-------- SUPPLIED DATA

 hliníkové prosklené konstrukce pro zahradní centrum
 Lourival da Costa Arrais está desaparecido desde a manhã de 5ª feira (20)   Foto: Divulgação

----------------
-------- SUPPLIED DATA

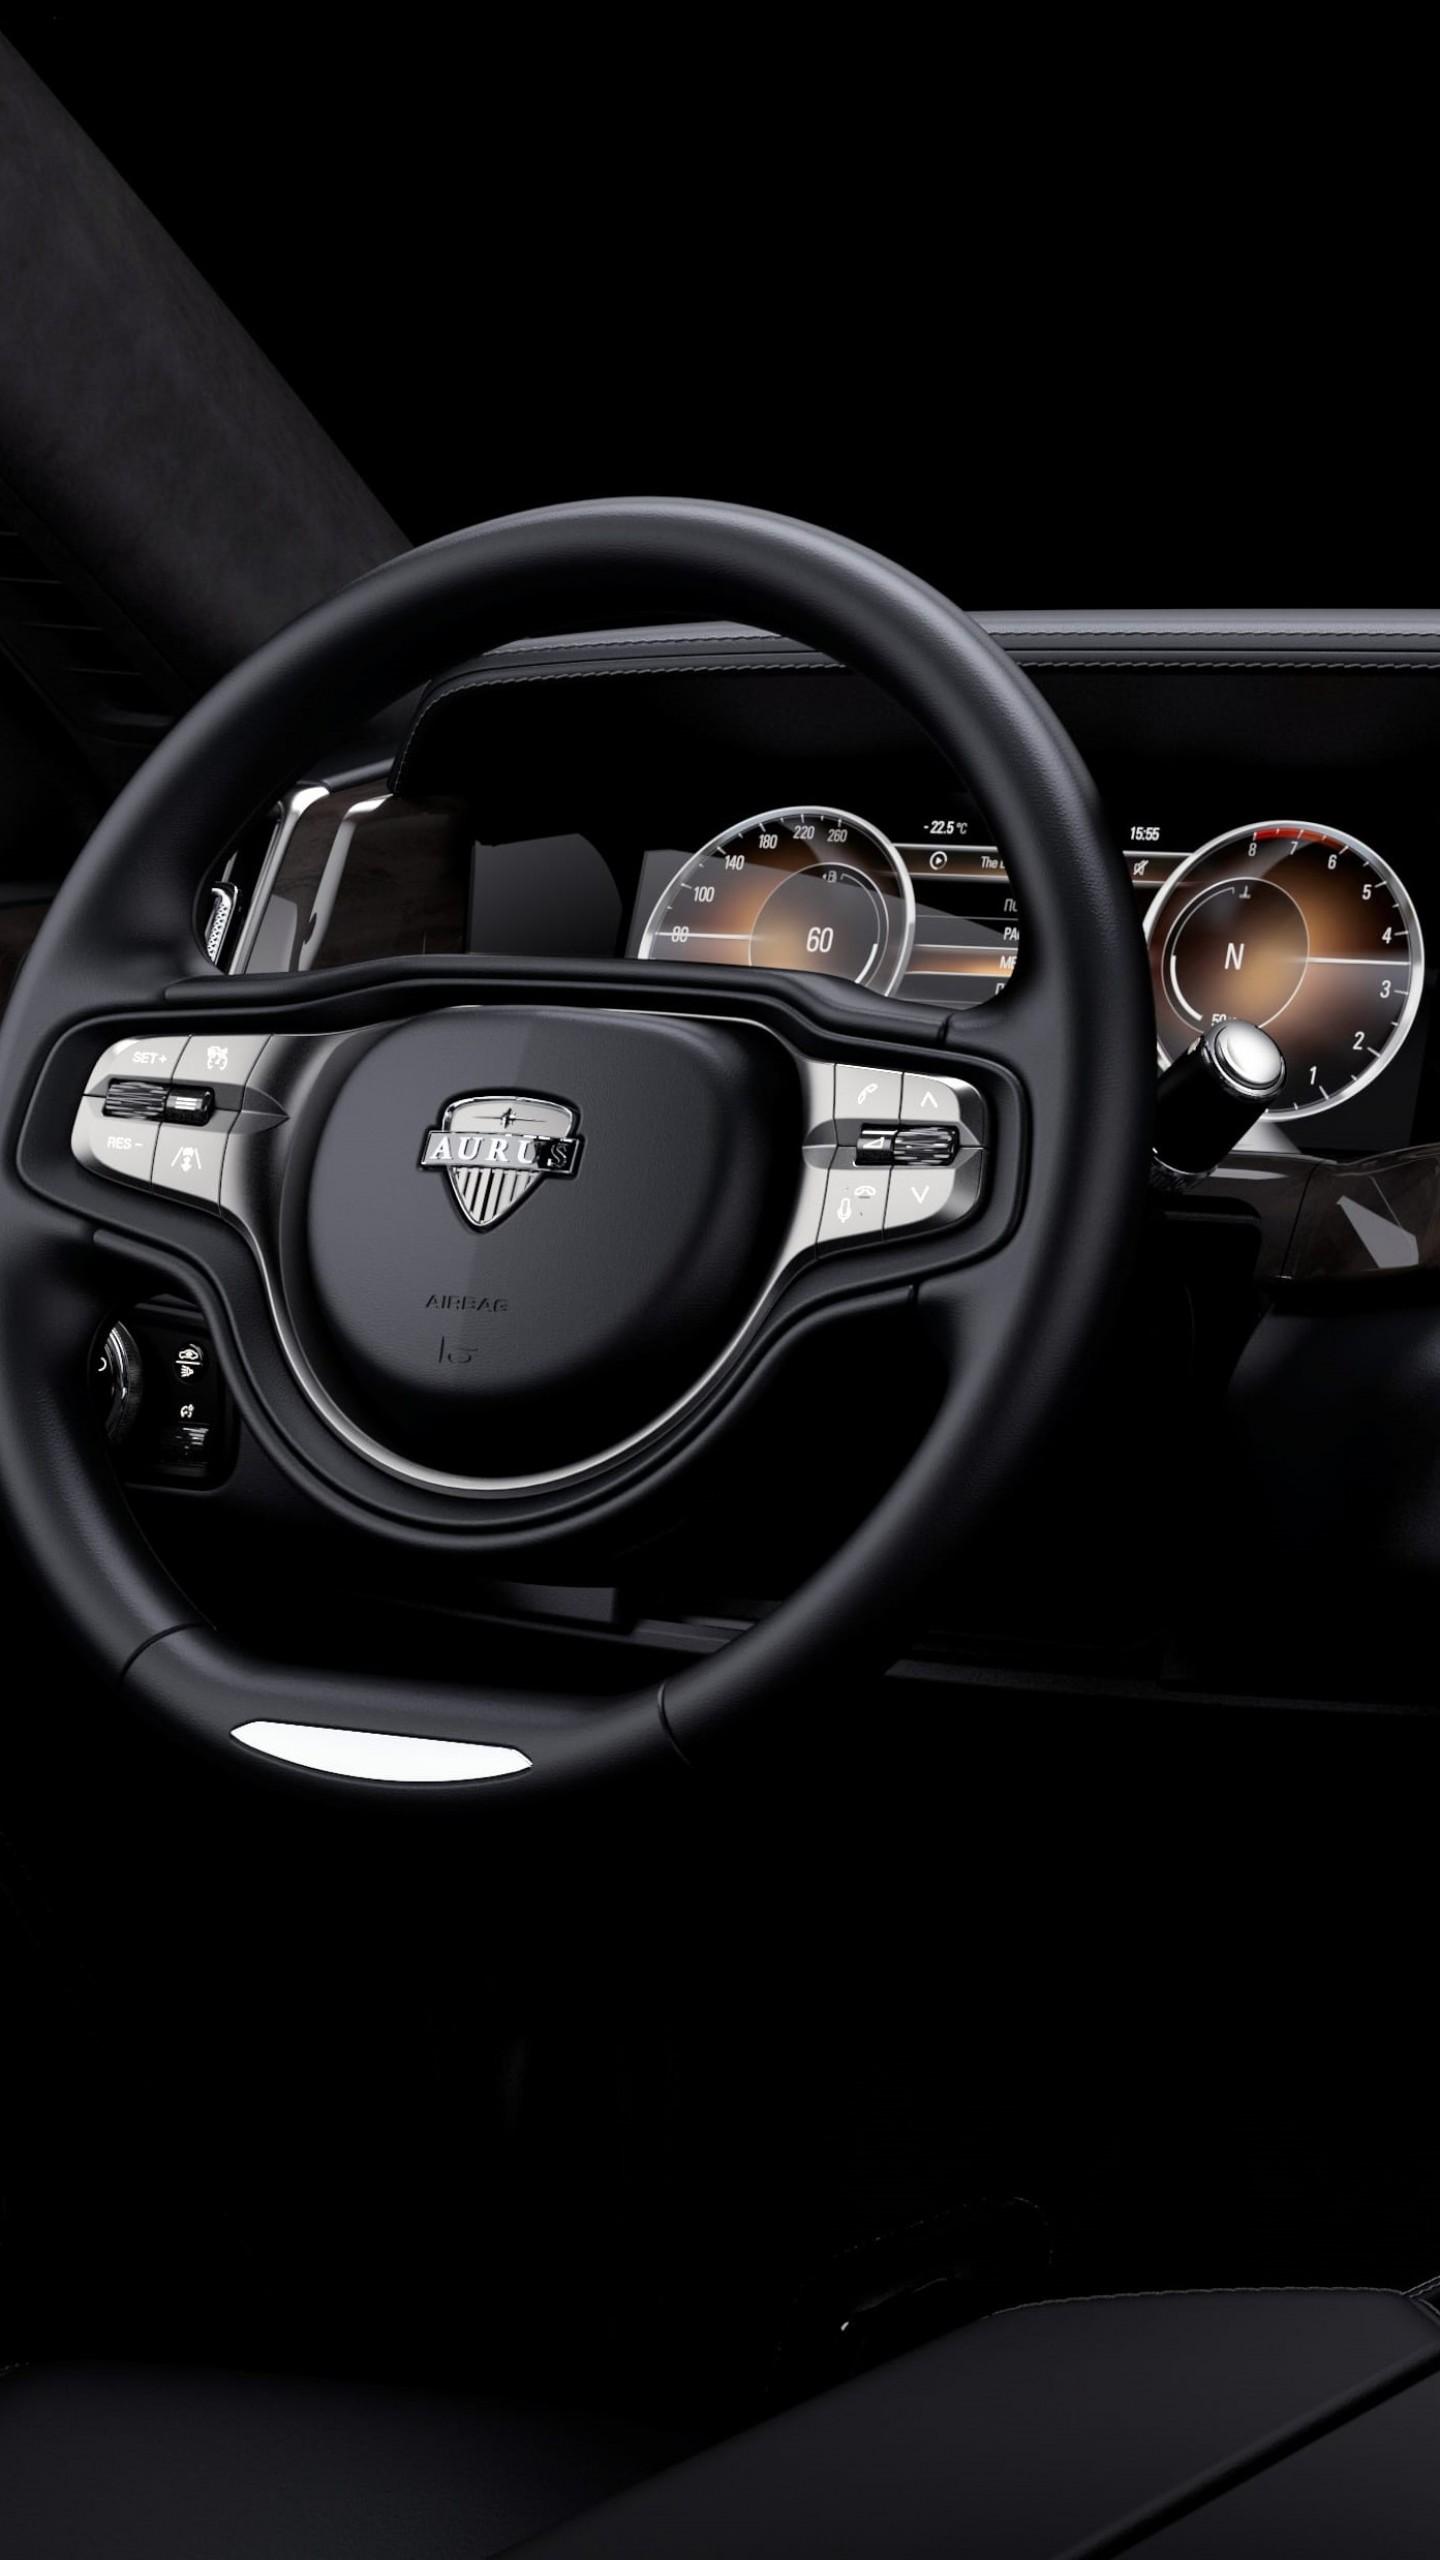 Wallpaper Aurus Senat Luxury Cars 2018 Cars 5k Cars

----------------
-------- SUPPLIED DATA

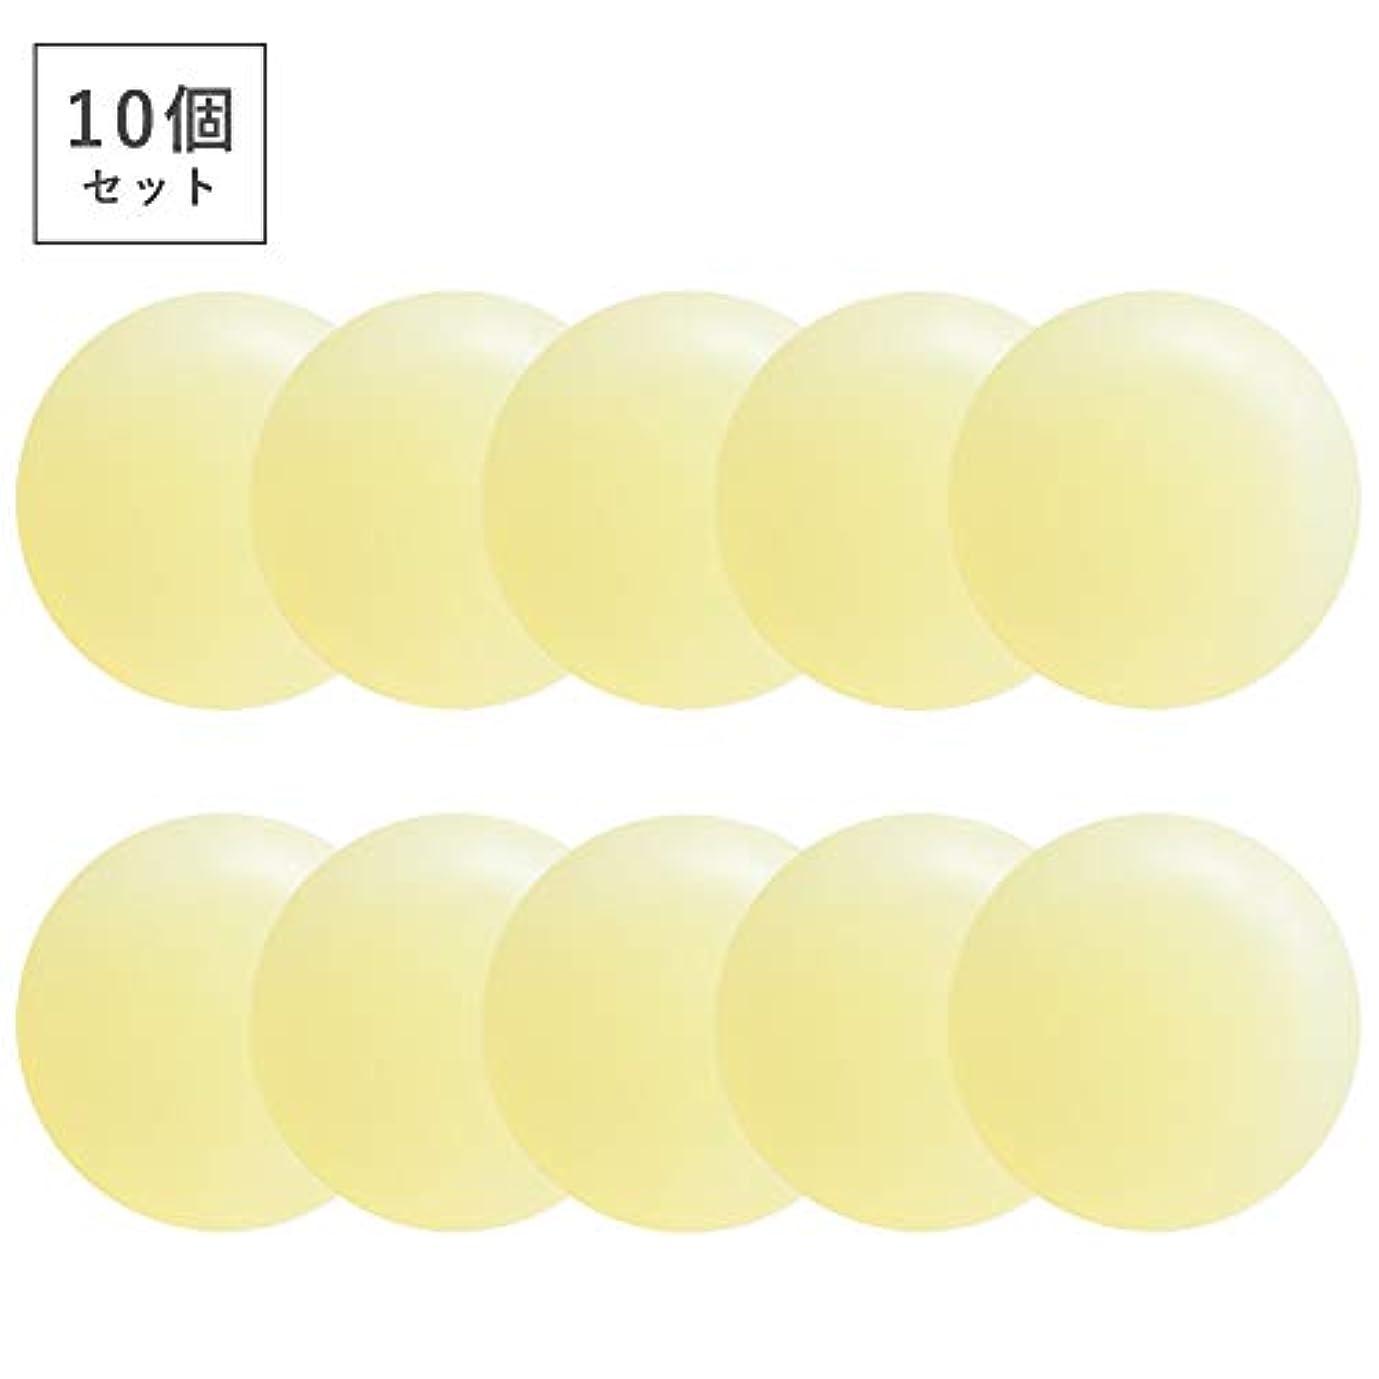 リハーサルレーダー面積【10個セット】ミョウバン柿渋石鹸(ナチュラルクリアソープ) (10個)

----------------

For this exercise, output exactly the lines above from the line with "hliníkové prosklené konstrukce" to the line with "Lourival da Costa", counting both, and leave out the rest.

 hliníkové prosklené konstrukce pro zahradní centrum
 Lourival da Costa Arrais está desaparecido desde a manhã de 5ª feira (20)   Foto: Divulgação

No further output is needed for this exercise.